Return the leftmost middle index that satisfies the condition, or -1 if there is no such index.

Constraints:

• 1 <= nums.length <= 100
• -1000 <= nums[i] <= 1000

Examples

Input: nums = [2,3,-1,8,4]
Output: 3
Explanation:
The middle index is 3.
Left sum = nums[0] + nums[1] + nums[2] = 2 + 3 + (-1) = 4
Right sum = nums[4] = 4

Input: nums = [1,-1,4]
Output: 2
Explanation:
The middle index is 2.
Left sum = nums[0] + nums[1] = 1 + (-1) = 0
Right sum = 0 (no elements to the right of index 2)

Input: nums = [2,5]
Output: -1
Explanation: There is no valid middle index.

Solution

This problem is essentially the same as LeetCode 724 - Find Pivot Index. The only difference is the problem statement wording - both ask to find an index where the sum of elements on the left equals the sum of elements on the right.

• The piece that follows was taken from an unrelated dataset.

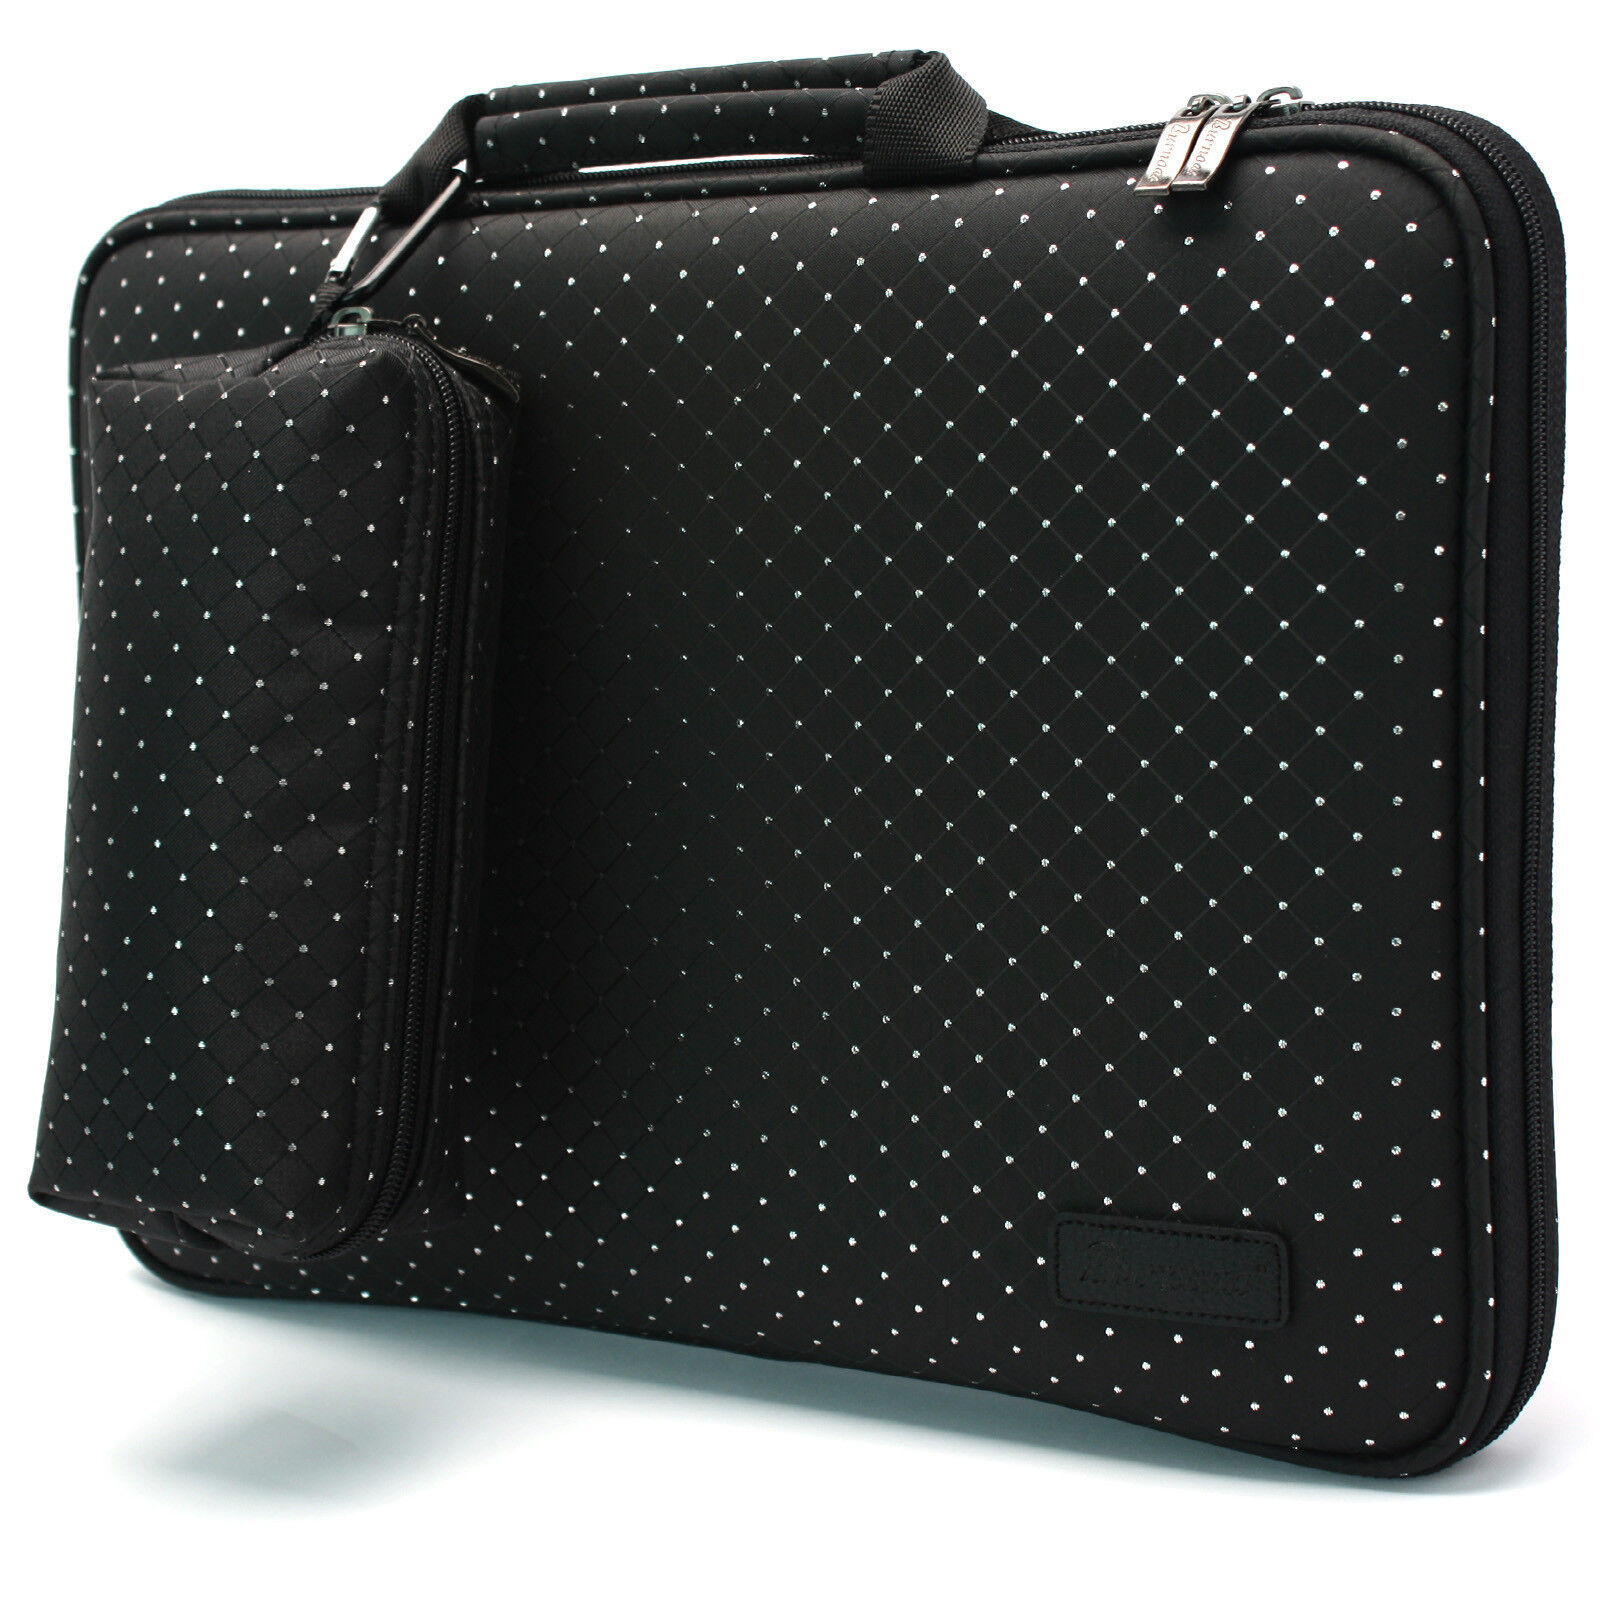 Dell Latitude ST 10 Tablet Keyboard Carry Case Sleeve Bag Memory foam CR i

The solution uses the prefix sum technique:

Key Insight:

• For any index i, if leftSum is the sum of all elements to its left, and total is the sum of all elements in the array, then:
  • rightSum = total - leftSum - nums[i]
• We want to find where leftSum === rightSum

Algorithm:

1. Calculate the total sum of all elements in the array
2. Initialize leftSum = 0
3. Iterate through the array:
   • Calculate rightSum = total - leftSum - nums[i]
   • If leftSum === rightSum, return the current index i
   • Update leftSum by adding nums[i]
4. If no middle index is found, return -1

Example walkthrough:

For nums = [2, 3, -1, 8, 4], total = 16:

i=0: leftSum=0, rightSum=16-0-2=14, 0≠14, leftSum becomes 2
i=1: leftSum=2, rightSum=16-2-3=11, 2≠11, leftSum becomes 5
i=2: leftSum=5, rightSum=16-5-(-1)=12, 5≠12, leftSum becomes 4
i=3: leftSum=4, rightSum=16-4-8=4, 4===4 ✓ return 3

Time Complexity: O(n) - one pass to calculate total sum, one pass to find middle index Space Complexity: O(1) - only using constant extra space

function findMiddleIndex(nums: number[]): number {
  // Calculate total sum of the array
  const total = nums.reduce((sum, num) => sum + num, 0)

  let leftSum = 0

  for (let i = 0; i < nums.length; i++) {
    // Right sum = total - leftSum - nums[i]
    const rightSum = total - leftSum - nums[i]

    // If left sum equals right sum, we found the middle index
    if (leftSum === rightSum) {
      return i
    }

    // Add current element to left sum for next iteration
    leftSum += nums[i]
  }

  // No middle index found
  return -1
}